> **Problem**:
Apart from the pictures, everything in the lines below must be printed exactly.

--- Exercise data Enclosed Below ---

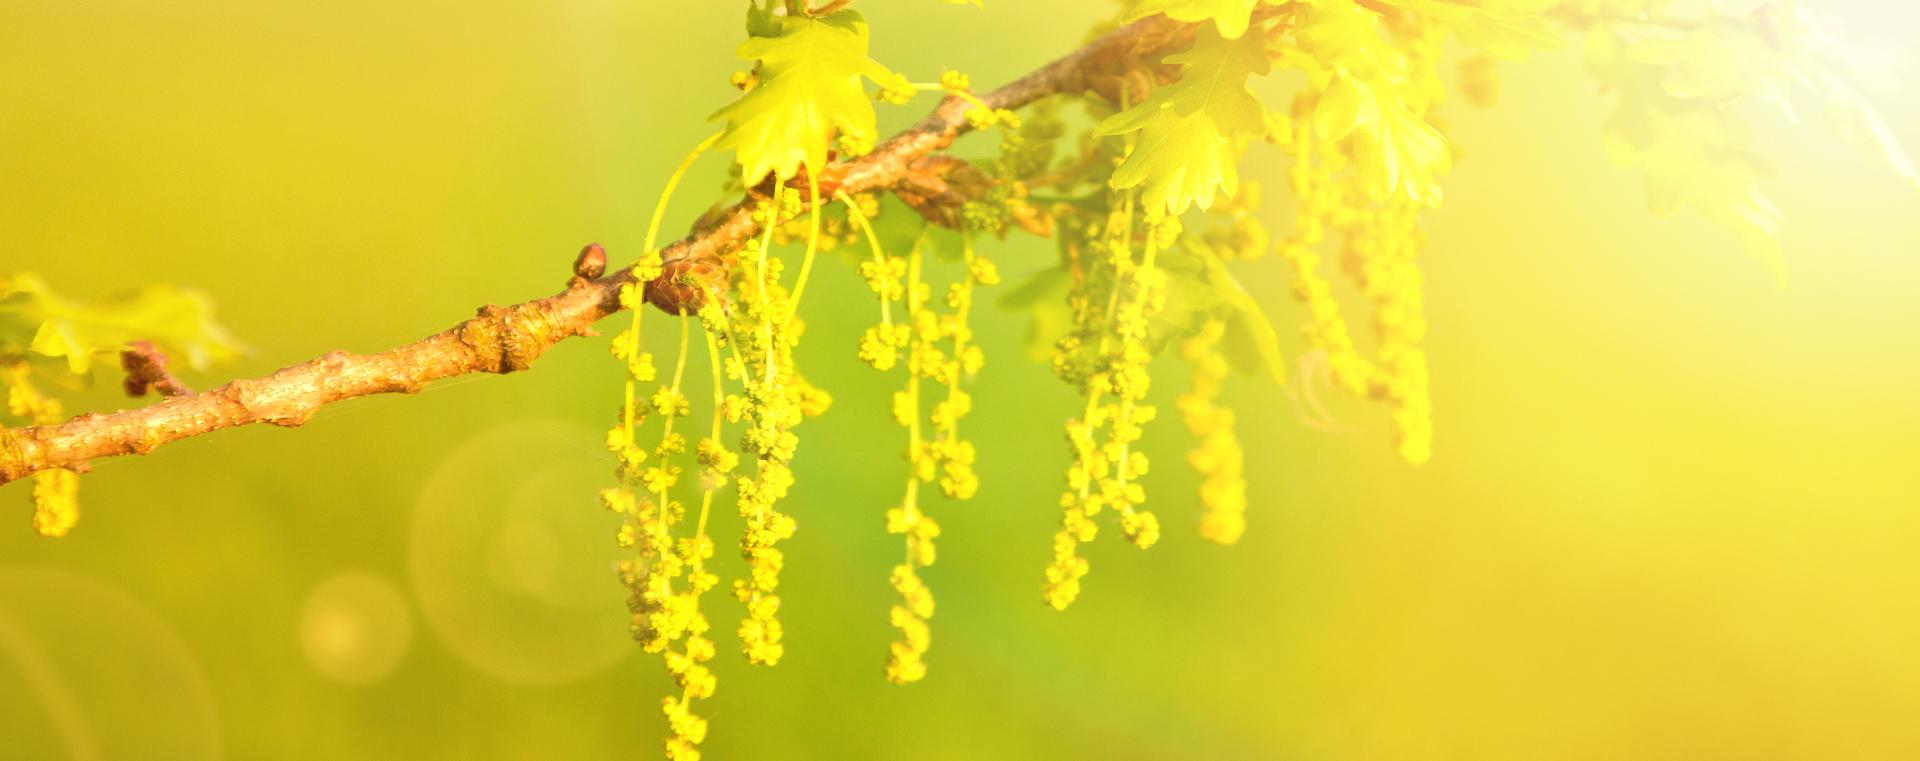 Nr 22 Oak Eiche Verzagtheit und Verzweiflung Lemon Pharma Original Bachblüten Dr. Bach
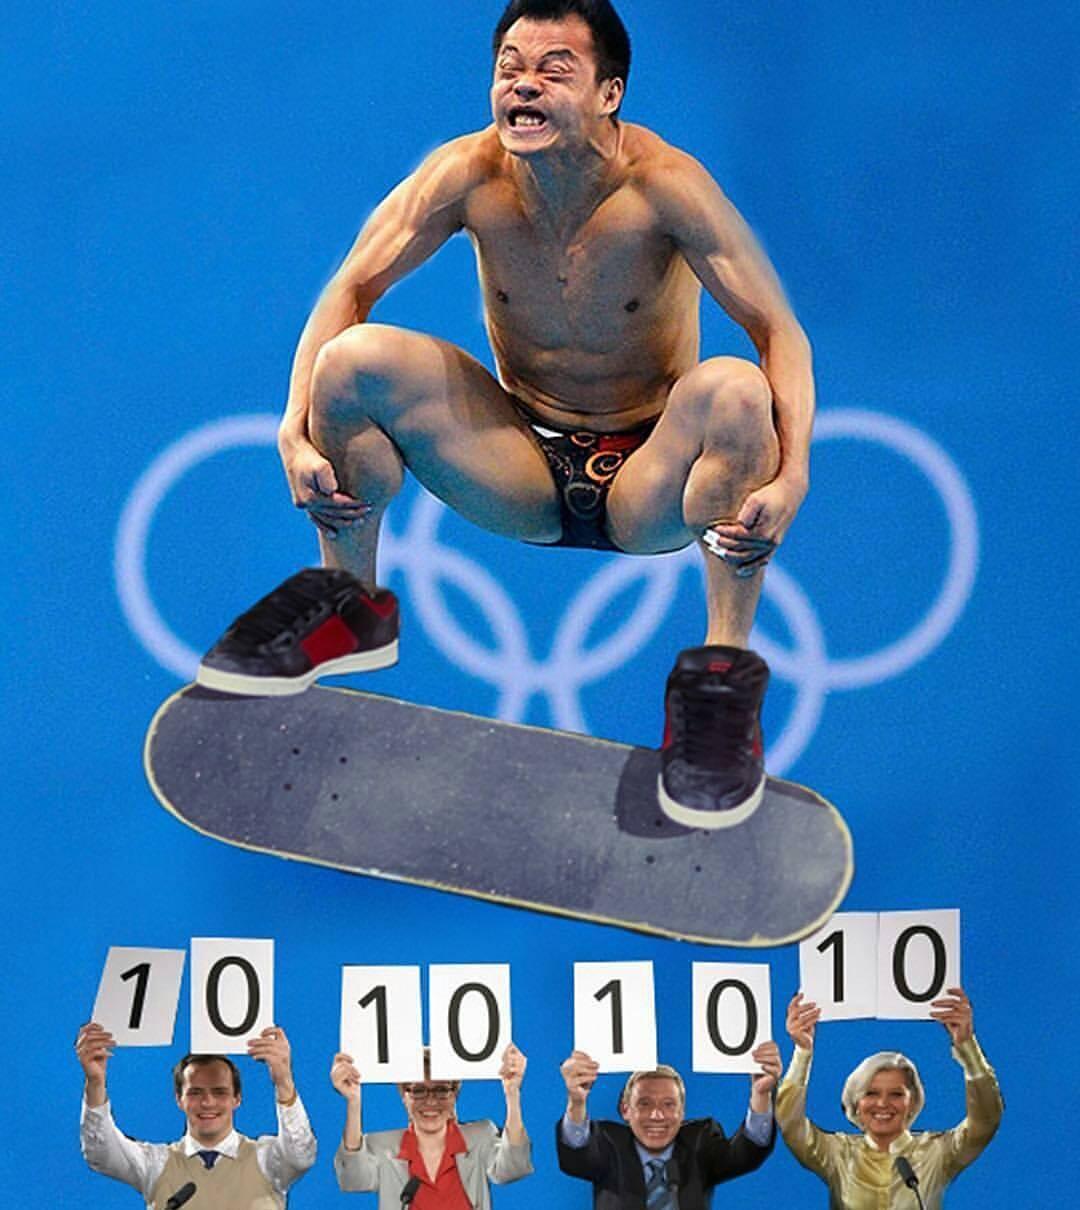 #skateboardingisnotasport #olimpicskaters #olimpicskateboarding  #fuckolimpics
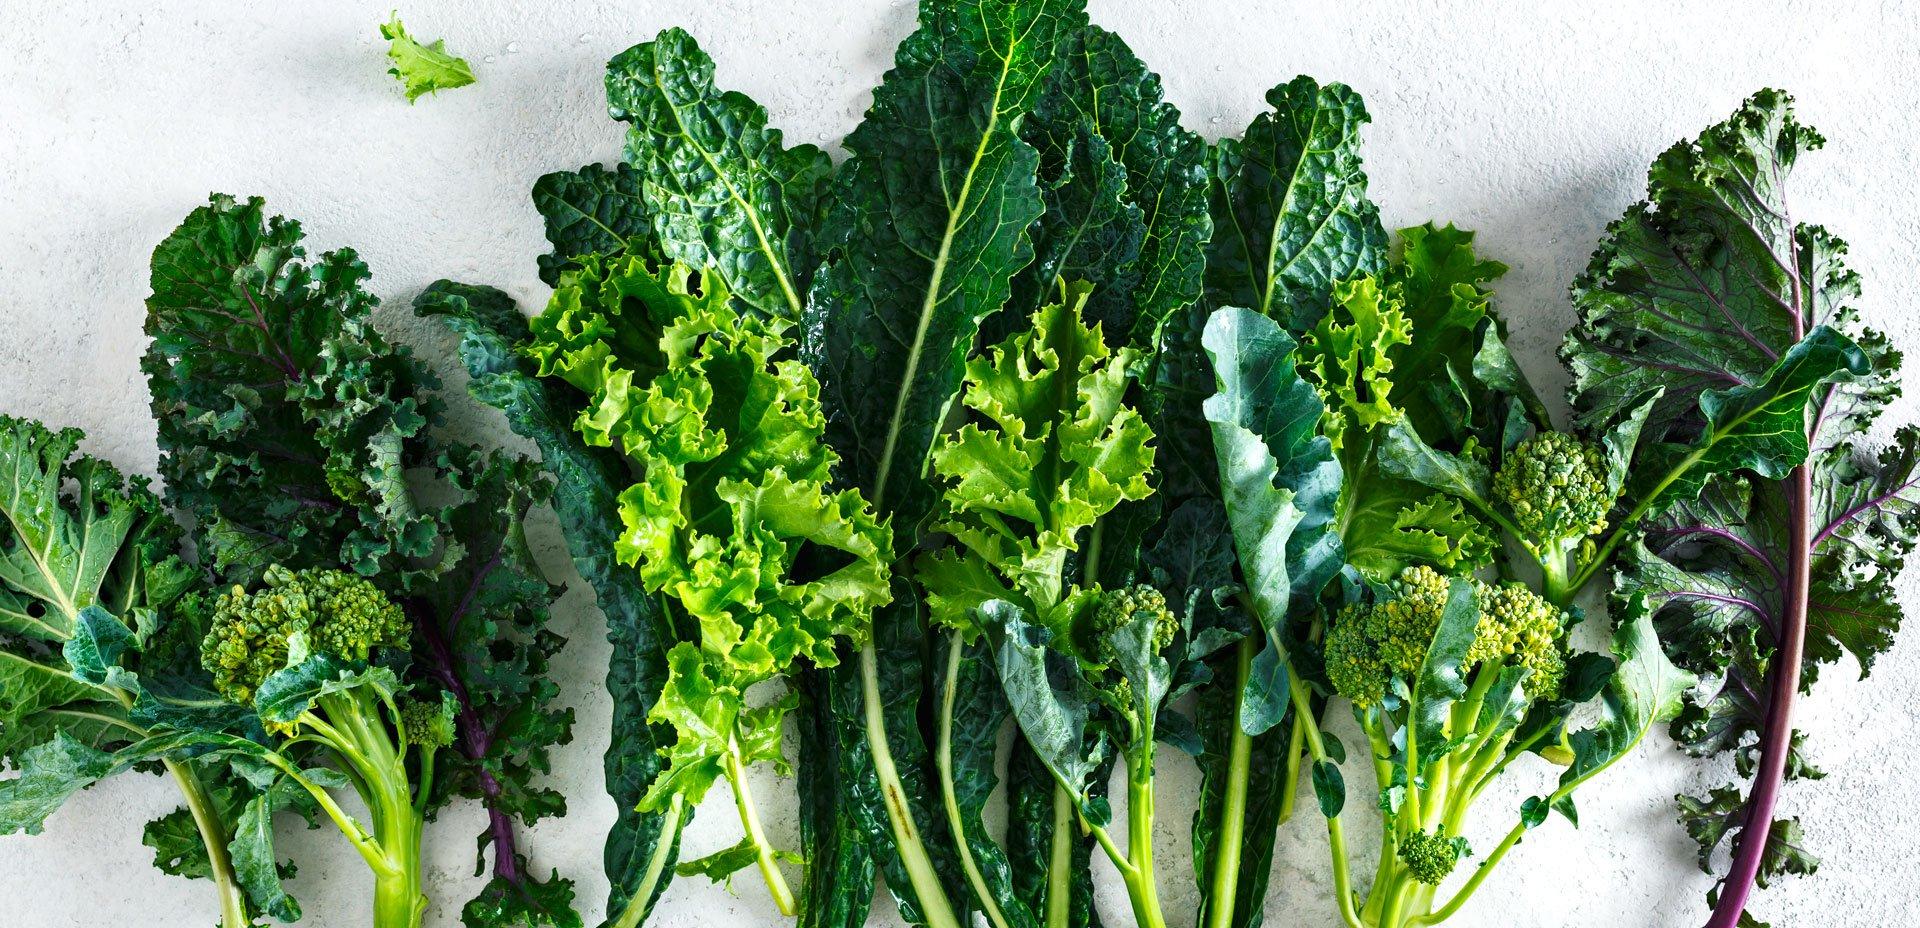 foglie verdi, kale, broccoli
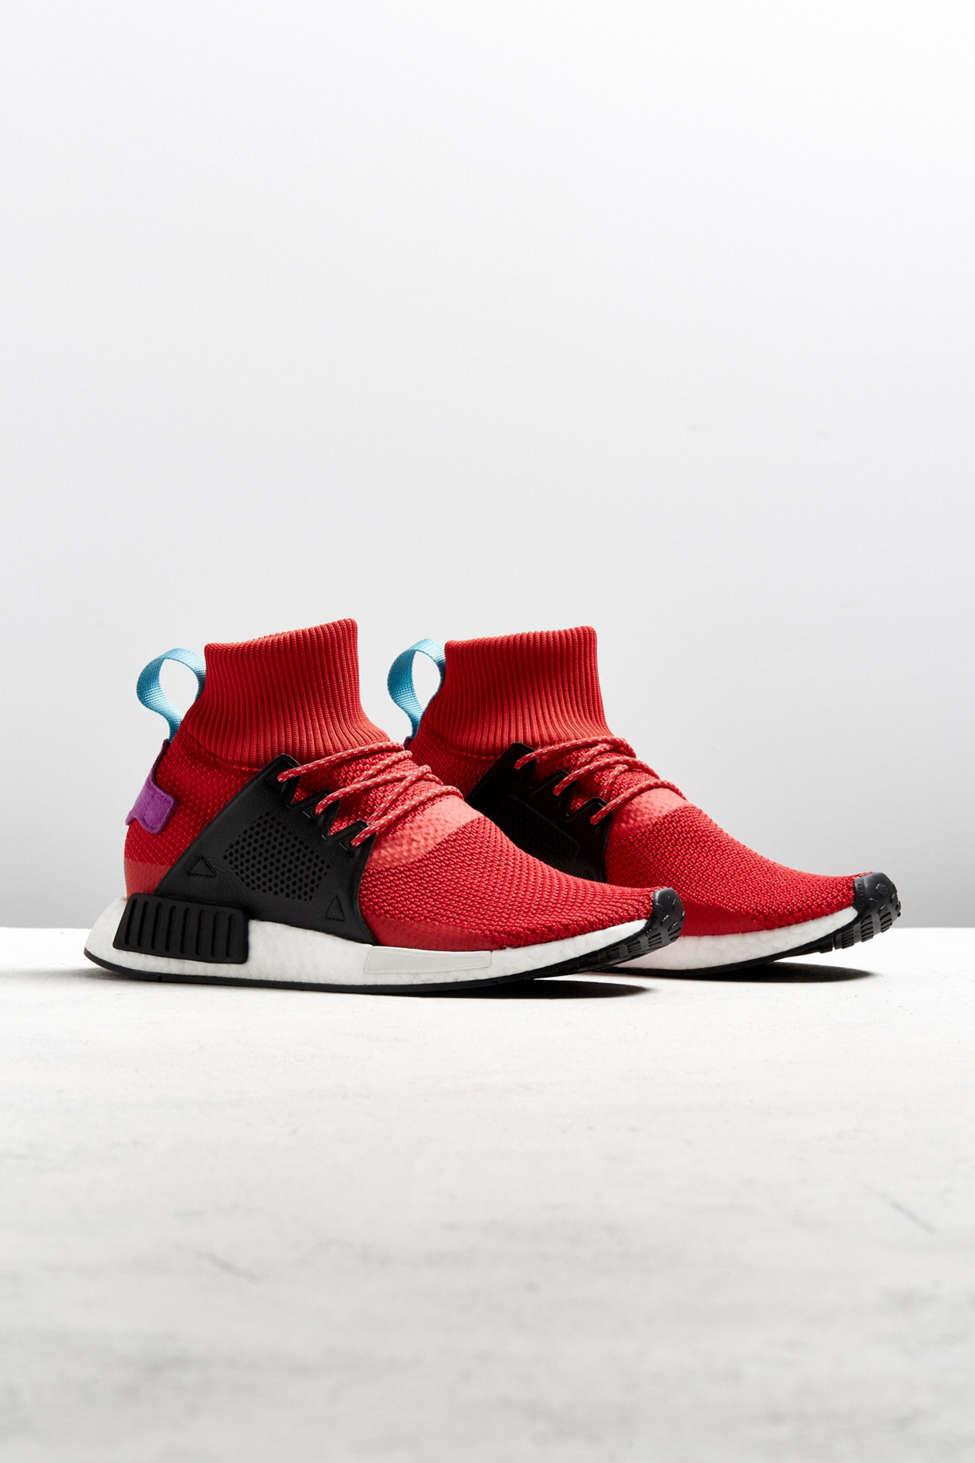 adidas nmd rt inverno primeknit scarpe urban outfitters

--- End of Enclosed Exercise data ---

> **Solution to this problem**:
 Nr 22 Oak Eiche Verzagtheit und Verzweiflung Lemon Pharma Original Bachblüten Dr. Bach
 #skateboardingisnotasport #olimpicskaters #olimpicskateboarding  #fuckolimpics
 foglie verdi, kale, broccoli
 adidas nmd rt inverno primeknit scarpe urban outfitters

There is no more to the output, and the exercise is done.